Friday, May 29, 2009

I can't lay it on thick enough: looking after kids is major, major, major hassle.

You can't think coherent thoughts - they break your train of thought, they interrupt with demands, they cause imminent or actual disasters that make interrupts...

You can't work, of course. You can't read, you can't listen to the radio, obviously you can't watch television or videos.

You can't do anything but look after the kids.

We are talking 3 yrs and 5 years here. Nearly 4 and nearly 6.

They demand constant attention. You must be watching them all the time.

You must anticipate all the time. You can't do simple things like put a cup down. Like put a pan on the stove. Like leave a knife on the table.

Anything on the stove they might bring down on themselves. Note, like so many things, this is not something you just fix once and then it is done. It is something that needs doing over and over and over, eternally. It is a never-ending constraint. You must remain alert.

What it boils down to (excuse the metaphor) is that you don't leave hot pans on the stove and you don't leave the stove on when you are not there.

You don't put a cup of hot tea, hot coffee, hot anything anywhere that a child might be able to get it. A child ON A CHAIR. They climb like monkeys. Everything has to be out of reach. Definitely out of reach.

The only safe way is to be watching. You can't be watching all the time. So you develop a nervous sixth sense, you listen for silence or unusual sounds. You get a sense of where they are at all times. Any child in an unattended kitchen for any length of time needs checking up on.

They need checking up on at top speed, immediately, if there is silence while they are there. Silence indicates rapt attention to some holy (unholy?) grail they've just found. Like the sharpest knife in the kitchen. The switch to switch on the toaster while they've got a metal toy stuffed in the top.

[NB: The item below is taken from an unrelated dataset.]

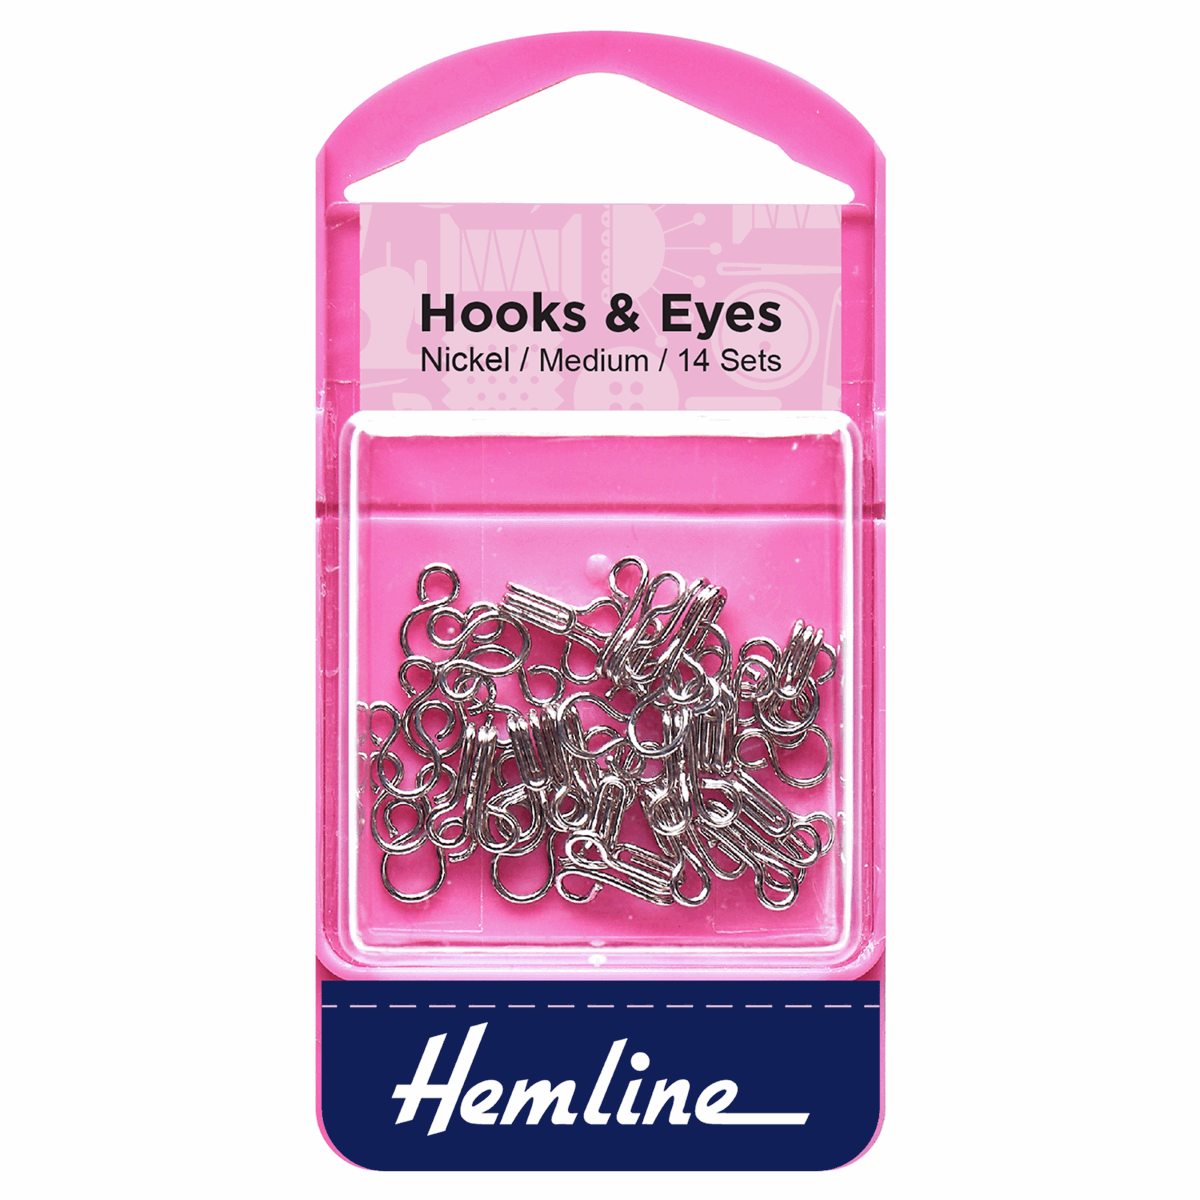 Hooks and Eyes: Nickel

A handful of thin crystal wineglasses reached at full stretch from the top shelf and now poised to crash in a thousand shards around the child's naked feet. Naked feet on tiptoe on three inches of counter top with a fall of three or four feet onto unyielding floor beneath.

I got interrupted there for a couple of hours.

First by a cry from the elder child "George has got a knife!' which meant George had hold of the large butcher's knife we use for most knife cutting tasks in the kitchen. Not as dangerous as a slim boning knife but still dangerous enough. Danger amplified by George's belief that it was a great joke to have the knife and have mum or dad chasing him trying to get him to give it up. He'd then run helter skelter every which way, laughing to point of choking, barely able to keep his feet, barely knowing where he was going and in danger of tripping and putting the point of the knife through his eye or something equally horrific.

Yes. Heart stopping stuff. You've got to stay cool. Don't play the chasing game. Don't let panic or alarm, anger, anything get into your voice. Just ask him to please put it back on the kitchen table or wherever. For some reason, some inexplicable, wonderful, fortuitous reason, George will then - nine times from ten - walk slowly over, slowly and safely, and put the knife back.

That all happened. But then it was time to take the eldest to school. Which means taking both of them for there's no one to look after the youngest while I'm away with the eldest. So this means getting both ready for outside excursion. The youngest was ready. Divested of the knife he was ready. The eldest had only had one hour to put his shirt, socks and shoes on and so was not ready. He didn't have either socks or shirt or shoes. They had all been given to him one hour previously. Now they were gone. Search the house for them. Stand over him while he puts them on. Relax for a second and he puts the shirt on inside out.

Out to the car - the kids find something to fight about, this kid can't go without he has this, or that, then the other kid has to find something they can't go without......

And so on.

I weary of describing it. Do you weary of reading it? I'm not surprised.

But I will write more because it is therapeutic for me on the one hand and of historical value on the other and of present value, too, for there's not enough of this 'telling it as it is' regarding children and child care and child rearing.

As regards me and mine, I'll change that. Perhaps others will, too, for it is sorely needed.